DUBAI, United Arab Emirates — A six-month window during which Israelis were able to visit Iran, Syria, Yemen and other nations that normally won’t let them in, ended Thursday with the closure of Expo 2020 in Dubai.
Some 20 million people visited the event in person, with another 150 million touring the country pavilions and other exhibits virtually.
At Iran’s pavilion, voted one of the Expo’s top eight architecturally significant buildings by Architectural Digest, there wasn’t an ayatollah in sight. Rather, the emphasis was on a rich cultural heritage, Persian rugs and saffron.
With great irony, given that Iran has openly dedicated itself to destroying the State of Israel, a special place was given to a replica of the 6th century BC baked clay Cyrus Cylinder.
The cylinder’s text is widely seen as evidence of Cyrus’s decision to allow the Jews to return from exile in Babylon to rebuild their Temple in Jerusalem, a confirmation of the link between the Jewish people and the Land of Israel.
The original was discovered in what was once Babylon and is now Iraq. It is held by the British Museum.
In a further paradox, in light of the repressive regime currently installed in Tehran, the exhibition extolled the cylinder as the first declaration of human rights.
Expo 2020 was overwhelmingly large and bursting with weird and wonderful buildings, music, noise, flashing lights and swirling rivers of people. It was immaculately clean, thanks to armies of silent workers constantly sweeping and wiping, and to volunteers stationed everywhere to help direct the never-ending human traffic.
That traffic reflected Dubai’s status as an emerging global hub between the Middle East, western Asia and Europe, and the Indian subcontinent — from which more than a third of the UAE’s residents are drawn — and the Far East beyond. It is a glittering stop on a new Silk Road, and at the world’s fair, as elsewhere in Dubai, it seemed that all the peoples of the world were there.
One of the most impressive pavilions representing nations of the Middle East that do not have diplomatic relations with Israel was Saudi Arabia‘s. It was the second biggest after that of the UAE and conveyed messages of heritage as well as of power and vision.
One of its external walls was crossed by phrases such as: “We are in exciting times,” and “Where change starts.”
The entrance was via an escalator, which took visitors up past three-dimensional models of Saudi buildings onto which moving images of people were projected.
The main exhibit comprised two huge panoramic screens with a visitor balcony running around the middle. Gorgeous vistas of coral reefs, sand dunes and oases, as well as Mecca, modern cities and the kingdom’s oil fields, filled the upper screen, with aerial images of the same places projected on the lower one.

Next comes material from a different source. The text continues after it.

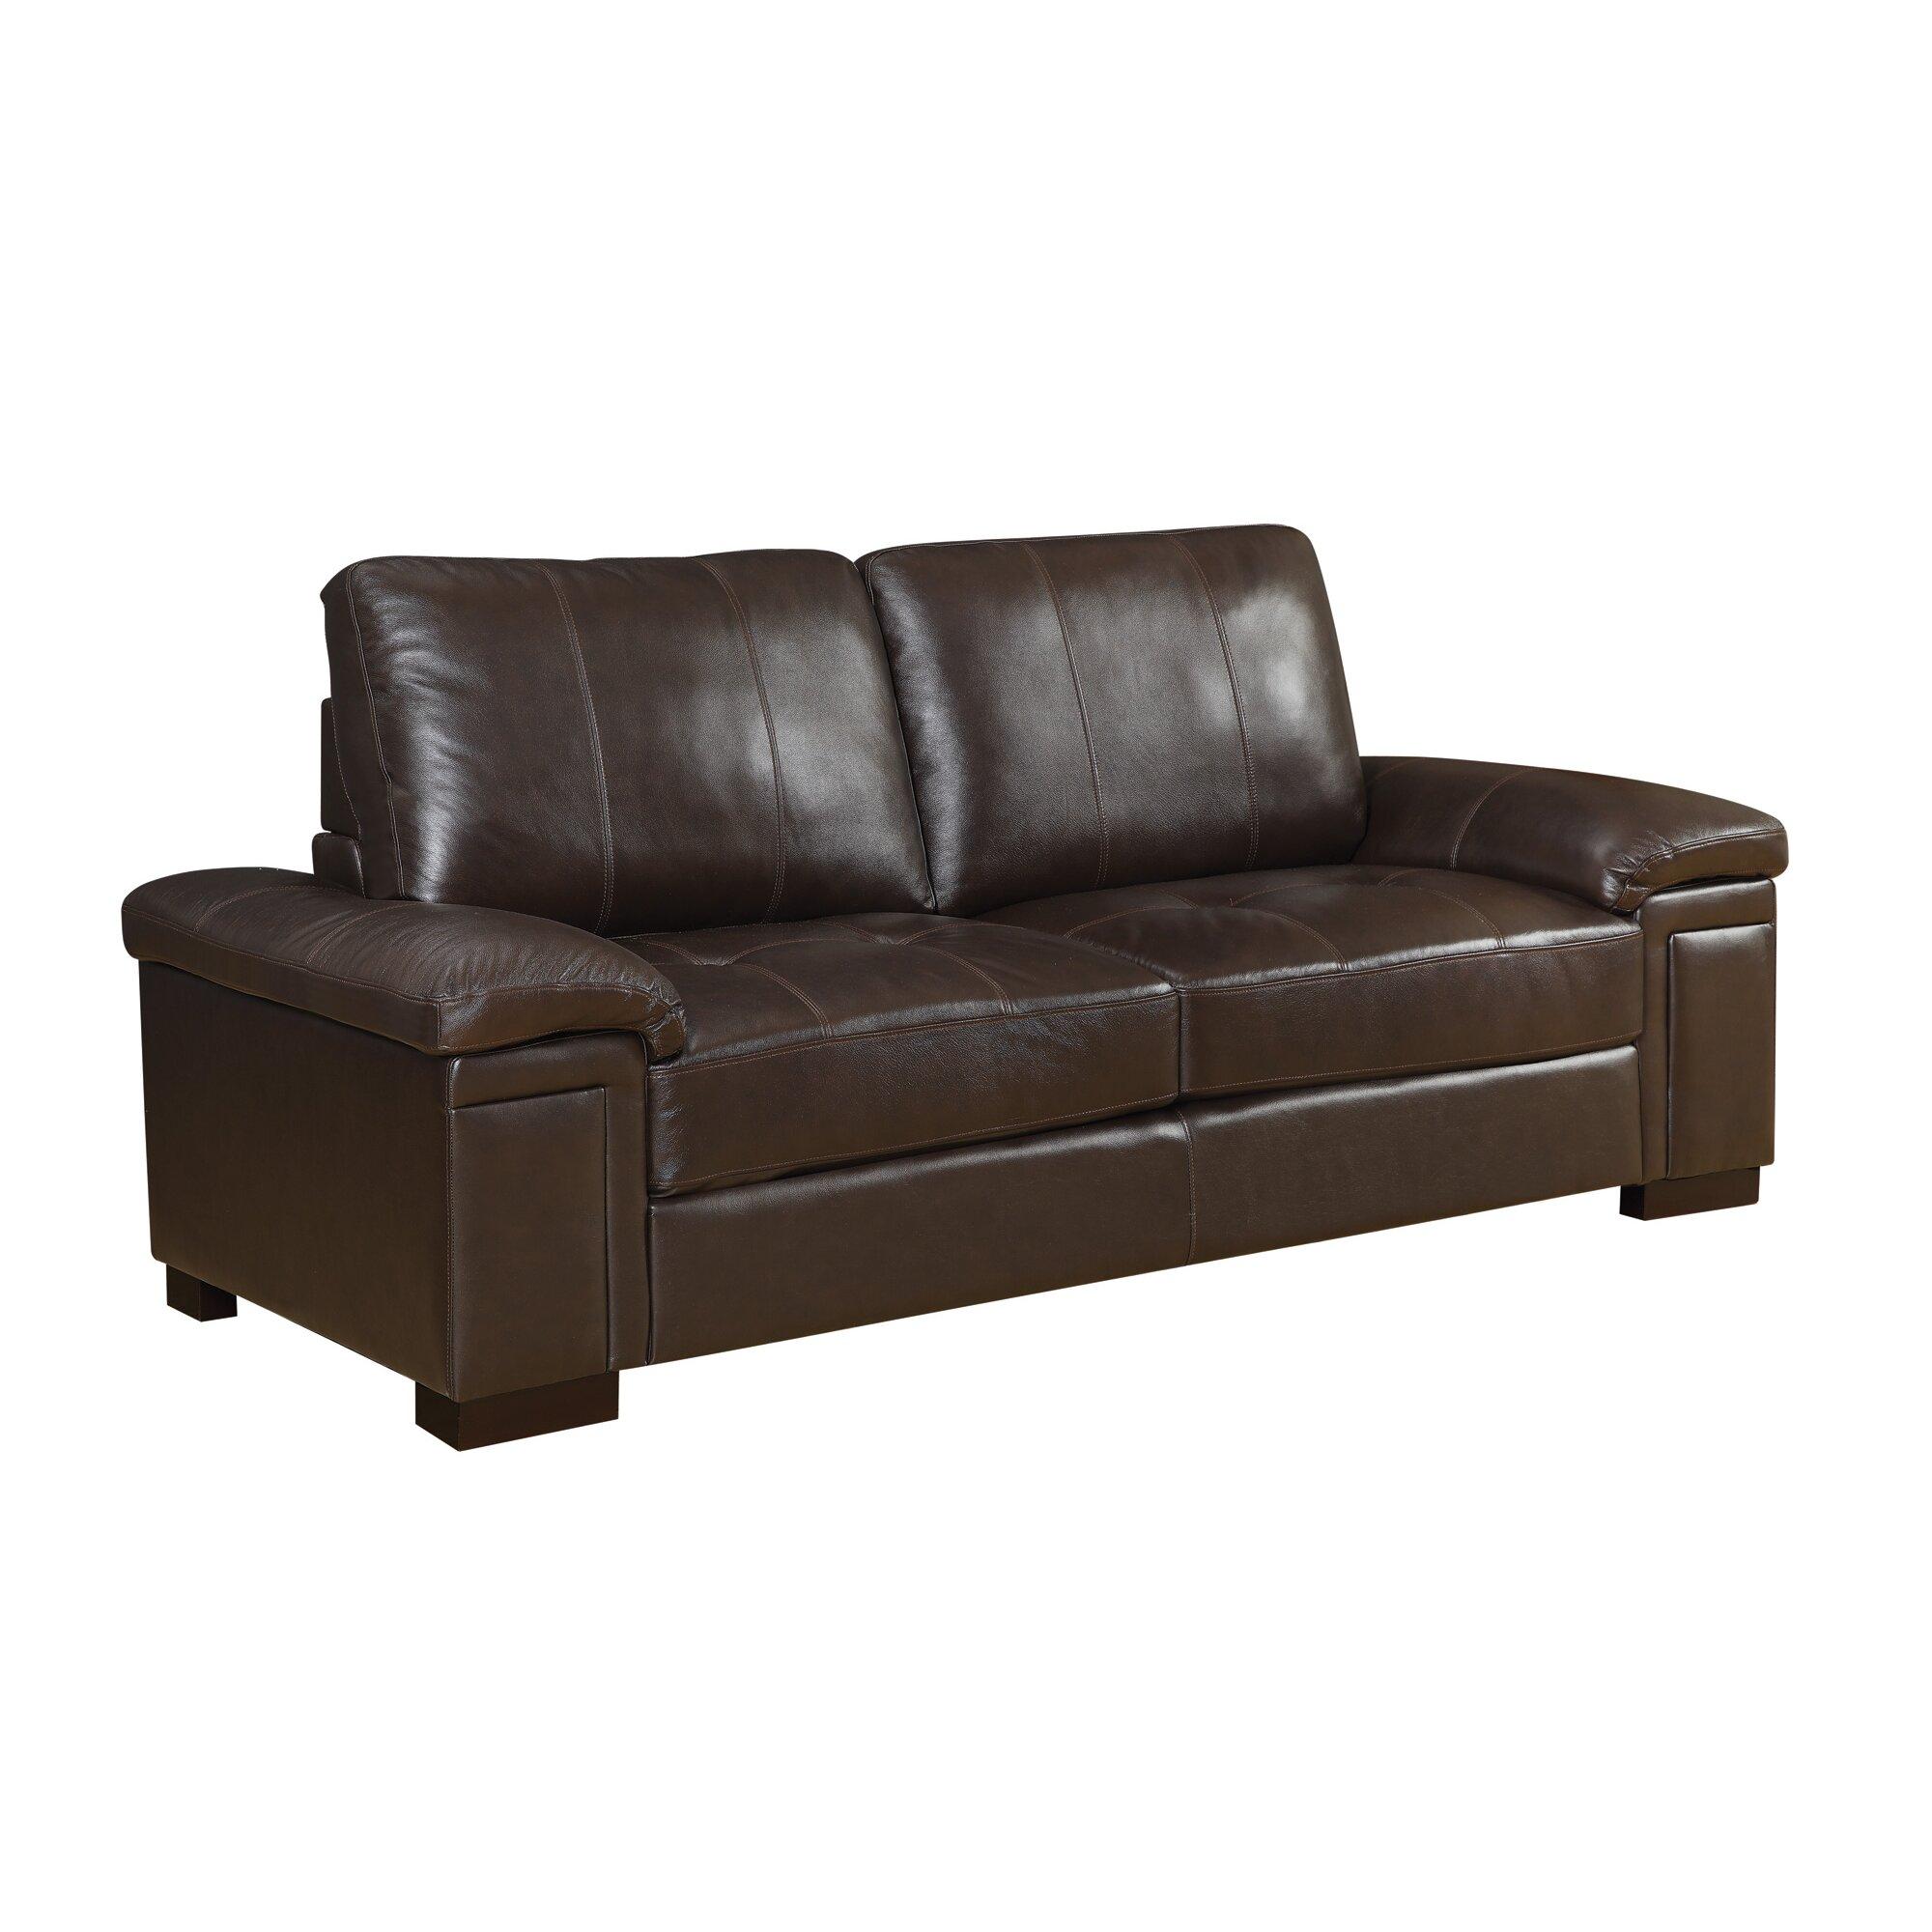 Wildon home r leather sofa reviews wayfair for Leather sectional sofa wayfair
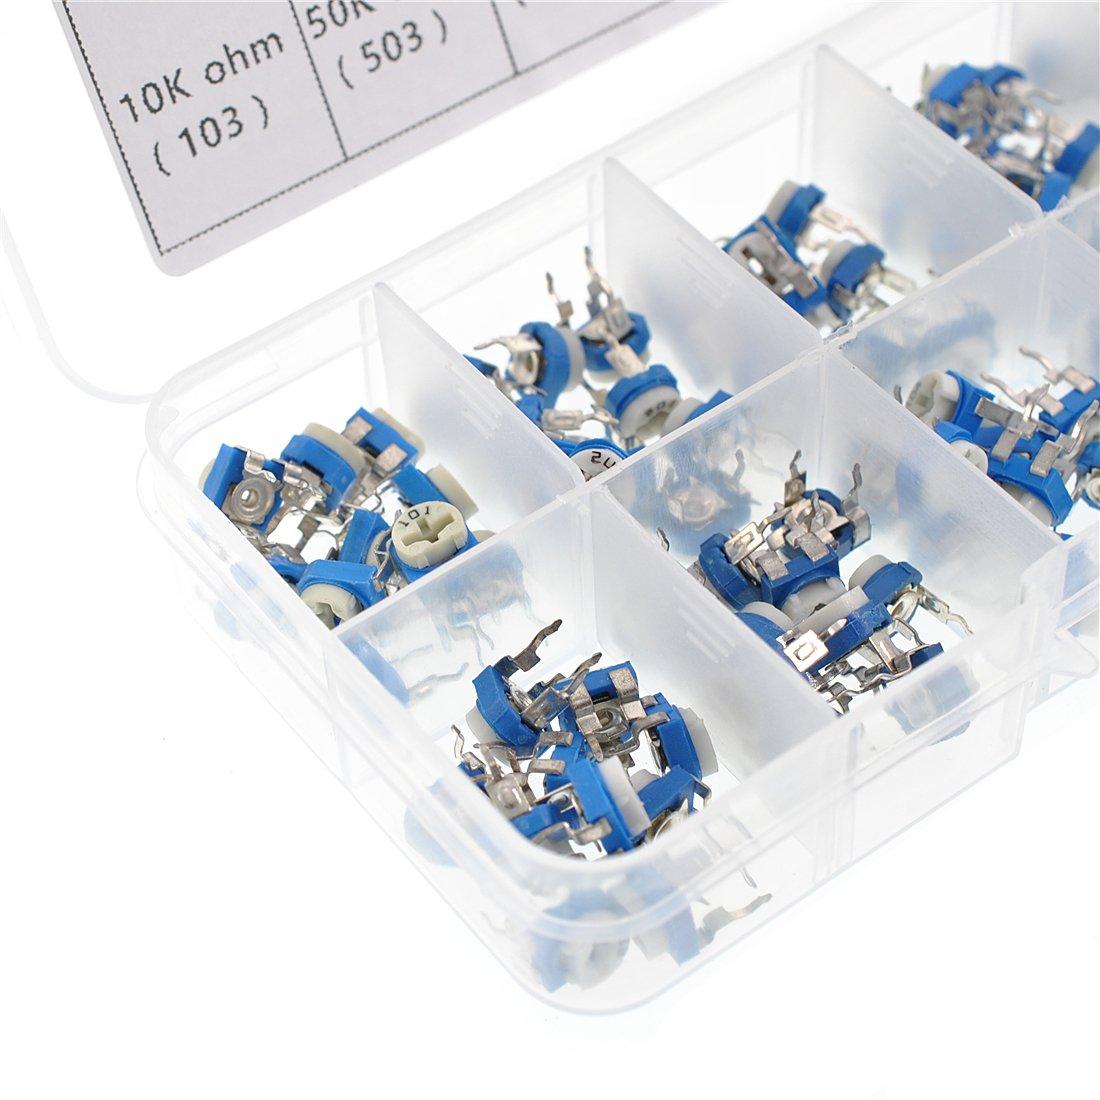 Oiyagai 10 Value 100pcs Variable Resistor Assorted Kit

Compared with Saudi Arabia’s pavilion, Syria‘s was rather sad, a reflection either of the country’s financial situation or the fact, according to The Associated Press, that it was only invited two years ago, after the UAE reopened its embassy there, and was the last to start building.
With a perhaps exaggerated sense of optimism, the welcome sign explained that the country wanted to showcase its rich cultural history “as we seek to rise again and reclaim our place in the world.”
The film there was old and wonky. The main exhibit, “I am Syrian,” comprised a series of wooden rectangles on which Syrians had painted what was dearest to them about their country.
Out of the hundreds of images of scenery and cultural items peeped one photo of Syrian leader Bashar Assad and another of his wife, Asma.
Lebanon’s pavilion was surprisingly pleasant given that country’s dire financial straits, projecting aerial footage of the nation’s scenery and antiquities, and showcasing a modern dance installation and items of contemporary art.
I was unable to visit the pavilion of the State of Palestine, as it was temporarily closed due to a technical malfunction.
But at the exhibit built by Yemen, undoubtedly one of the poorest nations in the region and a country torn apart by civil war, things were bustling.
The focus there was on knowledge and wisdom, with texts noting the country’s early water engineering, astronomy and “the world’s first skyscrapers.”
A Yemenite gentleman, who did not want to give his name, asked me where I was from.
Hearing I hailed from Israel, he broke into a wide smile and said, “Ah, Ahlan wa Sahlan (which means ‘welcome’ in Arabic)!”
Then, pointing to the jewelry on sale in the small souvenir store, he added, “Look at all that jewelry, it’s Jewish!”
He indicated pieces incorporating gemstones such as amber with silver filigree. Once, Yemen’s silversmiths were Jews.
In March, according to a United Nations report about the treatment of religious minorities in conflict zones, only one Jew remained in the country.
“Many Yemen (sic) Jews in Israel, no?” he went on enthusiastically. “Eat malawah and jahnun (two kinds of pastry associated with Yemenite Jews and now popular among all Israelis.)”
Bidding goodbye, he said, “Say hi to Israel from Yemen!”